Tarihi darbelerle dolu TSK’yi iyice oyuncak ettiler, içine tarikatları, cemaatleri yerleştirdiler, birbirlerini yargıladılar, darbeler yaptılar, yaptırdılar, generalleri cezaevlerine attılar. TSK içindeki savaş güçleri, AKP ile bütünleşti. Artık ordu komutanları AKP adayının nefret konuşmalarını üniformalı alkışlıyorlar. Askere rabia-bozkurt işareti yaptırıyorlar.

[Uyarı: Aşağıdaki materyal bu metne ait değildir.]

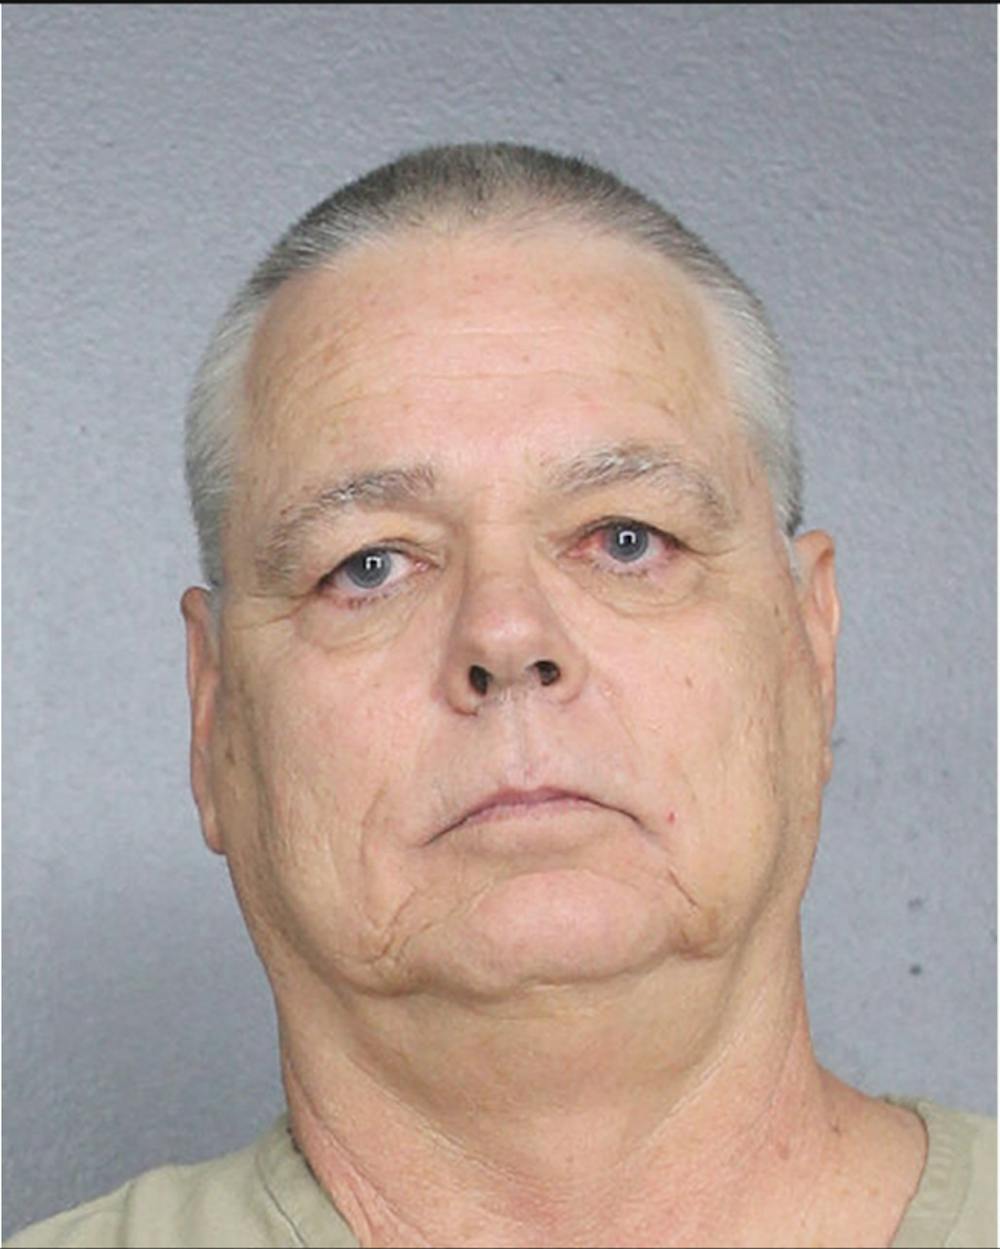 <p><span>This undated photo provided by the Broward County, Fla., Sheriff's Office shows Scot Peterson, a former Florida deputy who stood outside instead of confronting the gunman during last year's Parkland school massacre was arrested Tuesday, June 4, 2019, on 11 criminal charges related to his inaction.</span></p>

Tüm bu aldatma-aldatılma oyunları tezgahlanırken HDP hedef tahtası olmaya devam ediyor. Sarayın HDP’yi mutlaka baraj altı bırakma çabasını boşa çıkarmak, sadece HDP’lilerin değil, tüm Türkiye’nin görevi olarak duruyor. Saray egemenliğinin son bulması, nefret duvarını ve dışlayıcı barajı delmekten geçiyor.
AKP aslında Gezi’de iflas etmişti. O tarihten bu tarafa baskı, savaş, OHAL ile uzatmalara oynuyor. Yenilgi sürecini zamana yayıyor. Şimdi de seçim kampanyası yapmıyor, adeta kin kusuyor. Korkusunu, korkutarak yenmeye çalışıyor. Henüz daha ideolojik manipülasyonun kurbanı kitleler kopmadı. İslamcı üst ve orta sınıf, desteğini çekmedi. Erozyon yavaş yavaş gerçekleşiyor.
Hegemonyanın bittiği yerde çıplak zorun hakimiyetiyle devam edeceklerini sanıyorlar: Çıplak zorun da ekonomik maliyeti var. Ekonomiyi de asıl çökerten içte ve dışta savaş politikaları ve yarattığı büyük maliyetle birlikte sürekli istikrarsızlıktır. Merkez Bankası (ve AKP) politika faizini bir buçuk haftada % 120 artırdı. Döviz rezervi bir haftada 1 milyar 597 milyon dolar eridi. “Baş ekonomist ve hepsinin paşası” nefret konuşmalarıyla ekonomik çöküşü örtmeye çalışıyor. AKP tüm Türkiye’yi duvara çarptırdı. Sarayın yenilgisi, köklü çözüm getirmese de nefes aldırır.
AKP “yeni” kelimesini çok kullandı, gerçekten yeni olan hiçbir şeye imza atmadı, ahlakı, kültürü, siyaseti, ekonomiyi çökertti. Nerede gösterişe hizmet, AKP imzası orada gerçek yenilenme ihtiyacını örttü. Şimdi bitişi izliyoruz.